DATASET SECTION below:

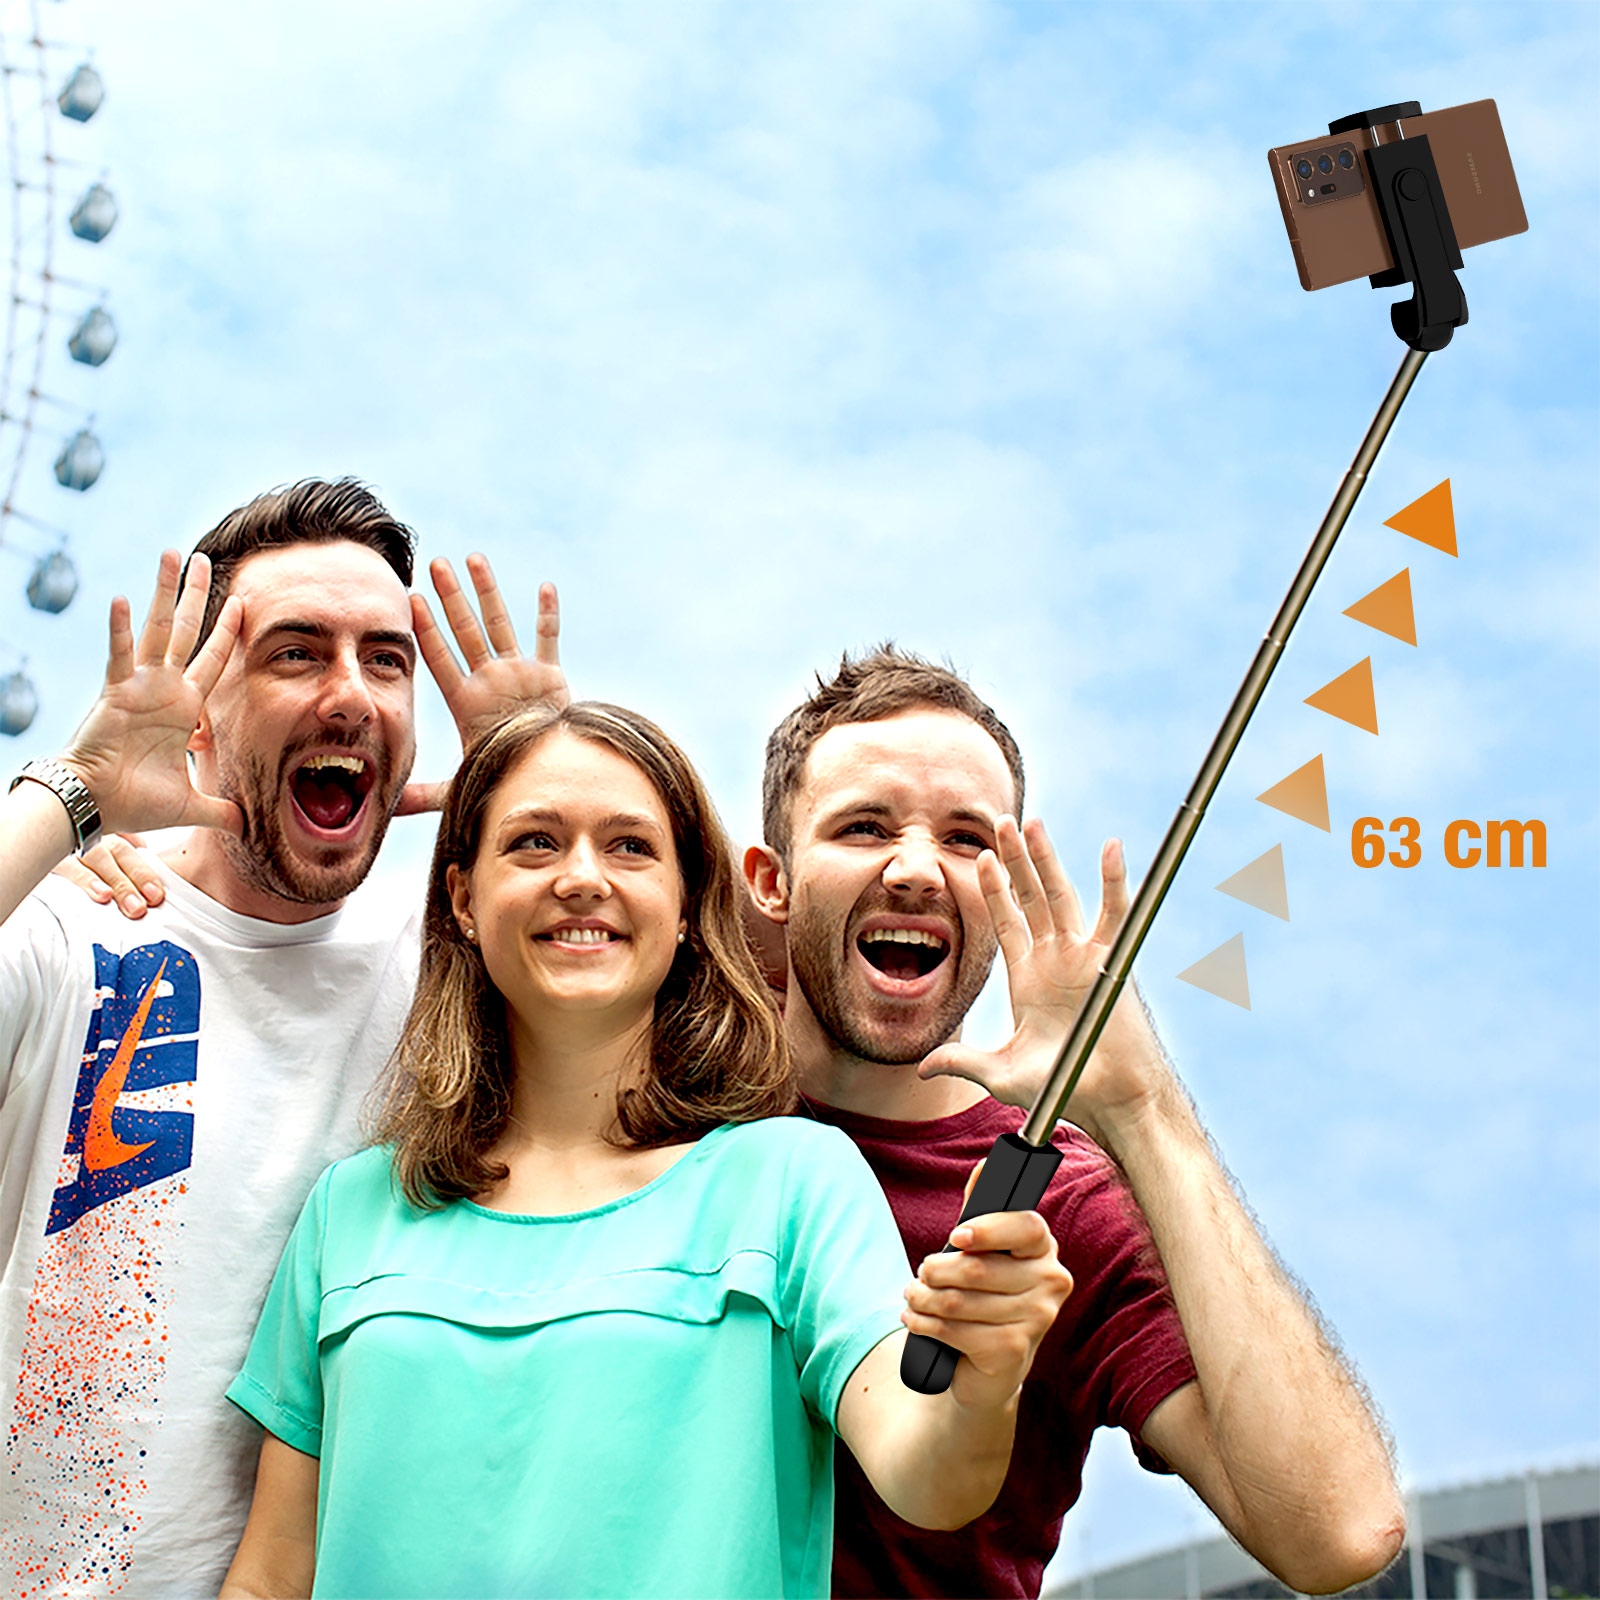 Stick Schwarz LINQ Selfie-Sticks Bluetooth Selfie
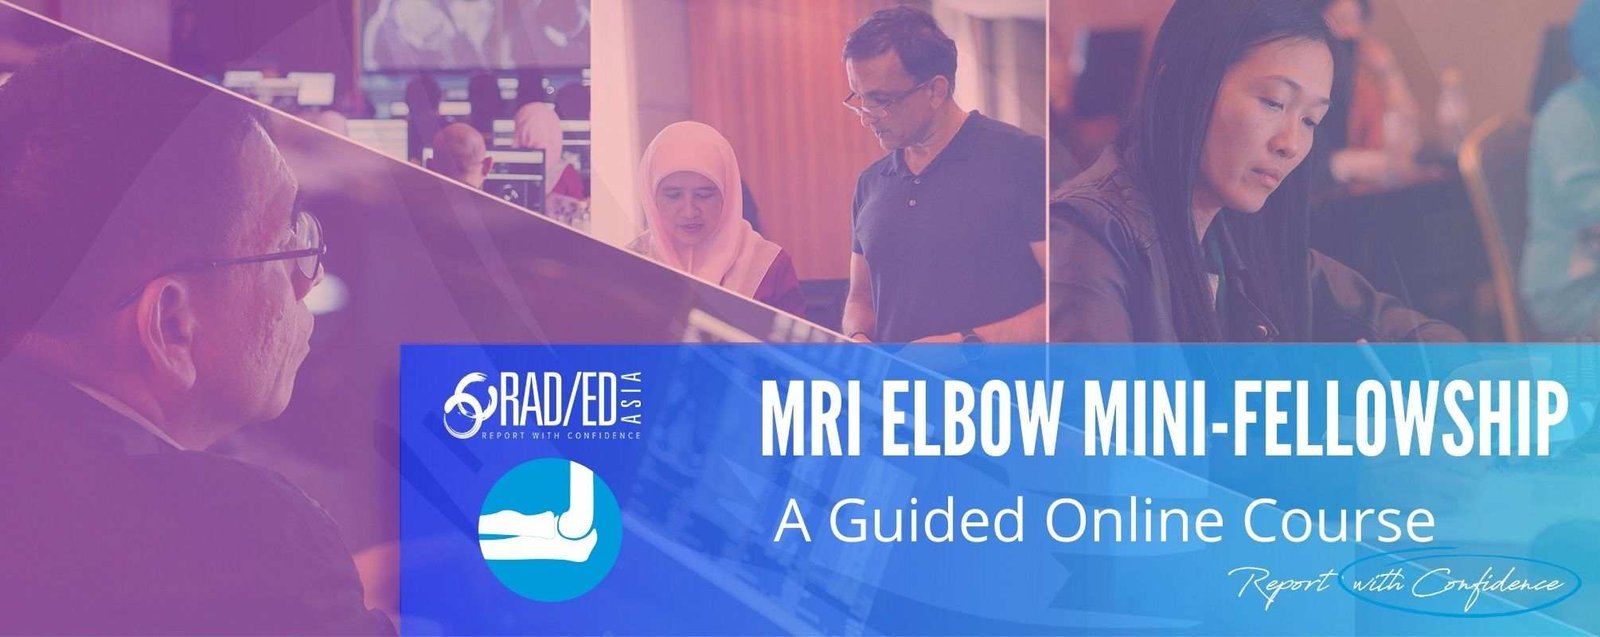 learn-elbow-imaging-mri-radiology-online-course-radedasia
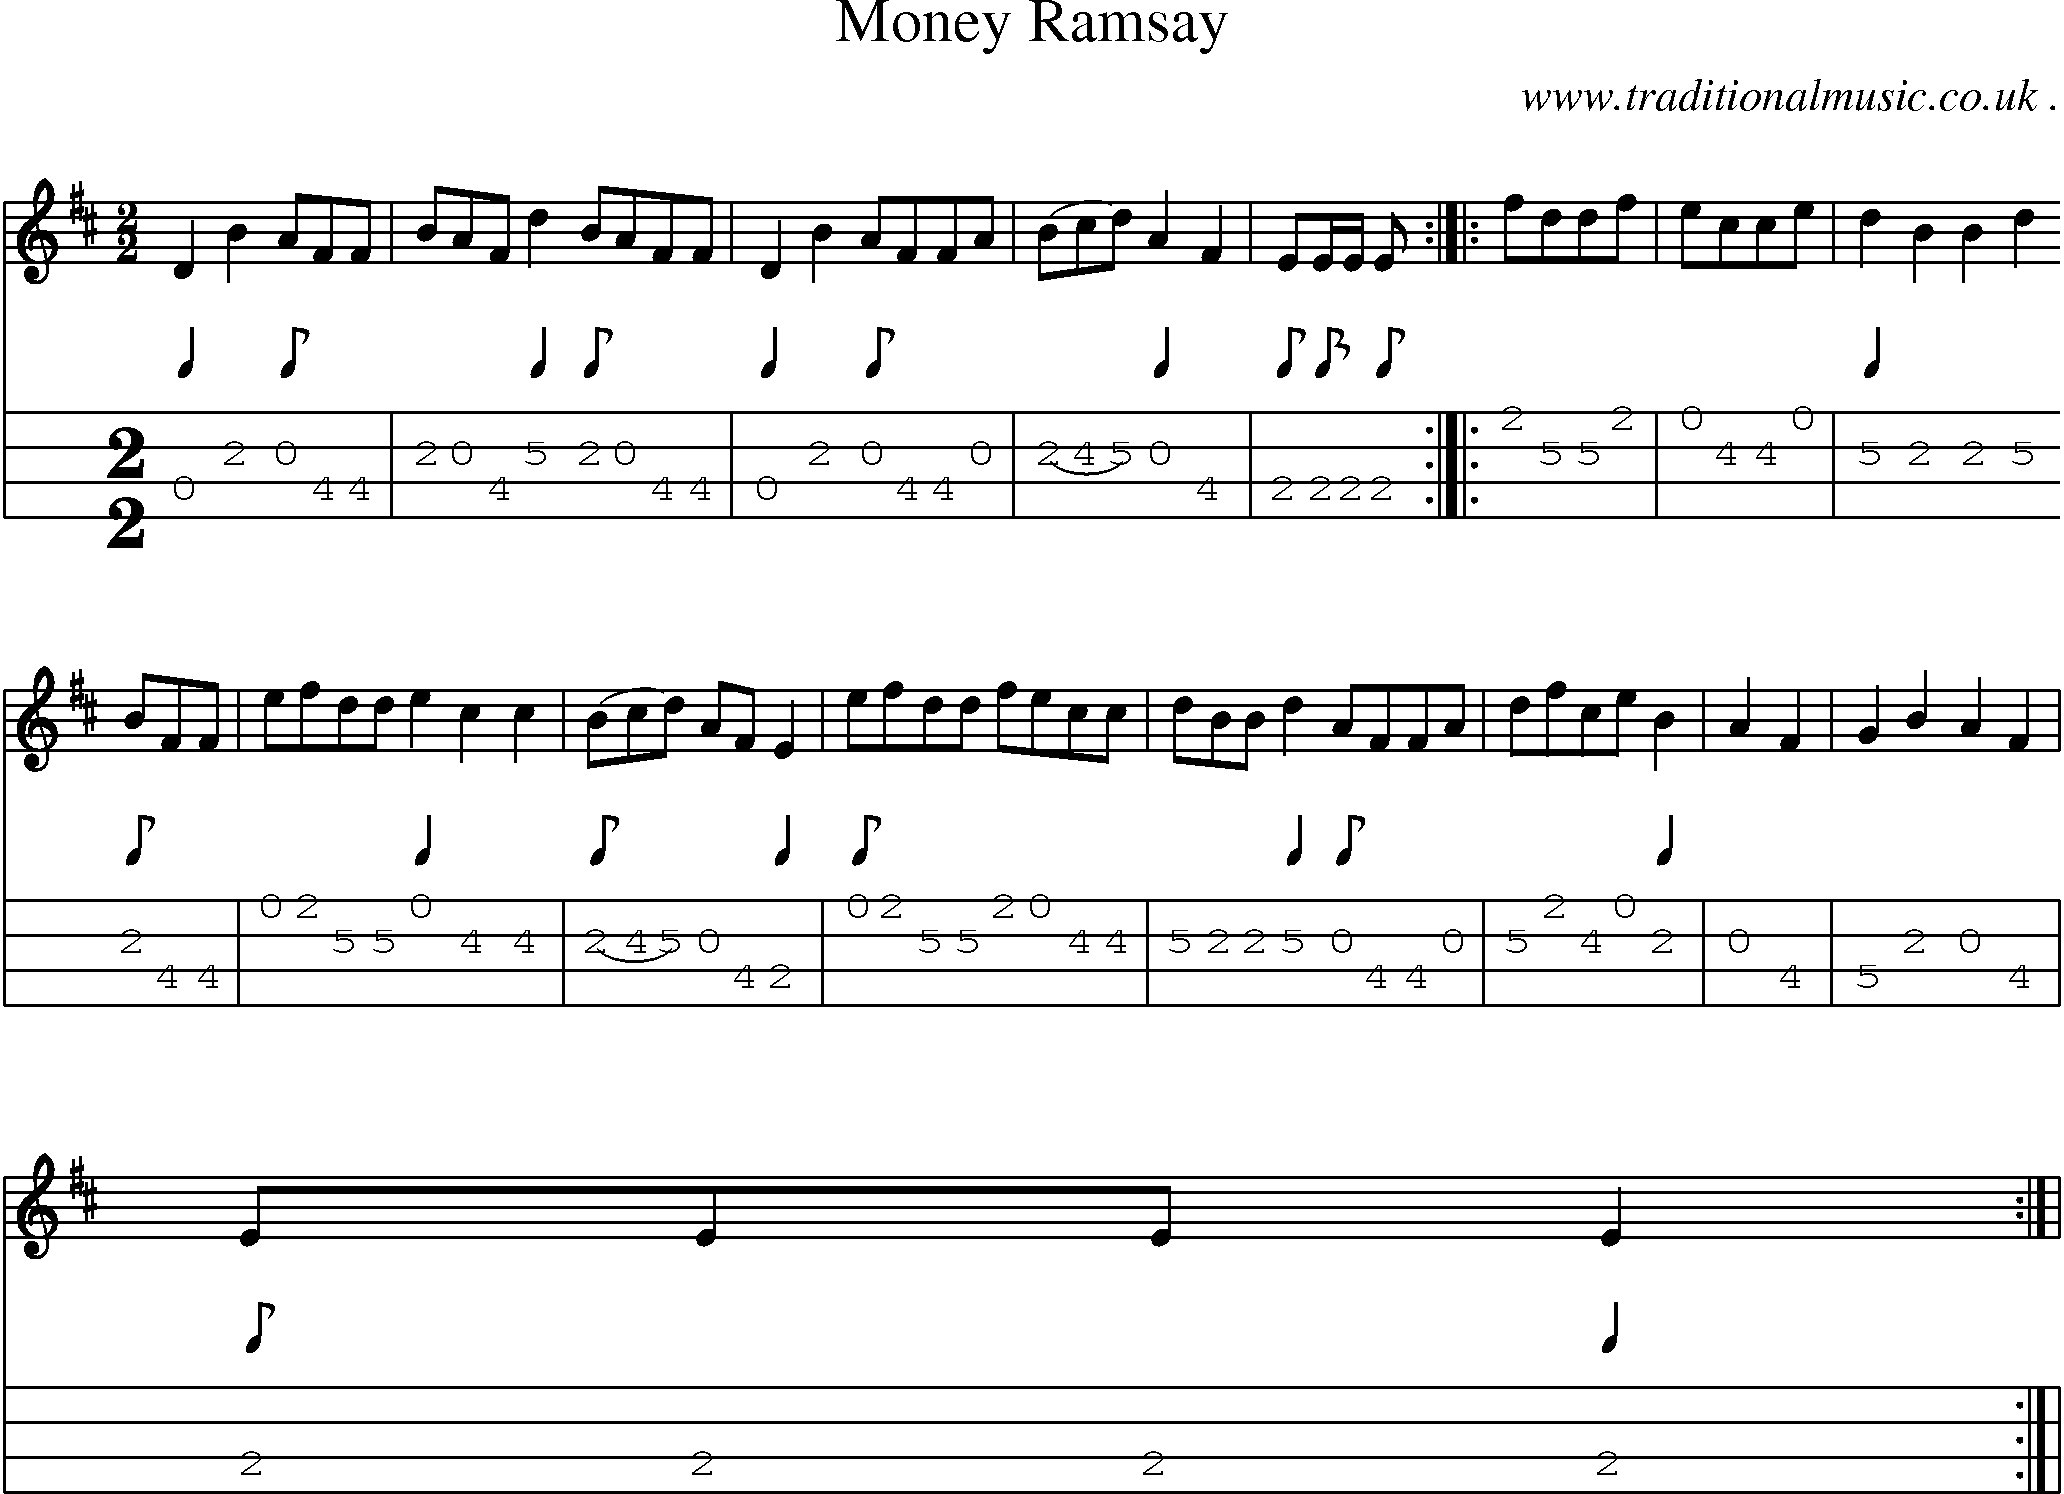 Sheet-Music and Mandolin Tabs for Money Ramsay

End of DATASET SECTION.

**WHAT IS NEEDED**. Go through the data above and transcribe it in full, omitting any image.

**WRITTEN REPLY**.
 Stick Schwarz LINQ Selfie-Sticks Bluetooth Selfie
 learn-elbow-imaging-mri-radiology-online-course-radedasia
 Sheet-Music and Mandolin Tabs for Money Ramsay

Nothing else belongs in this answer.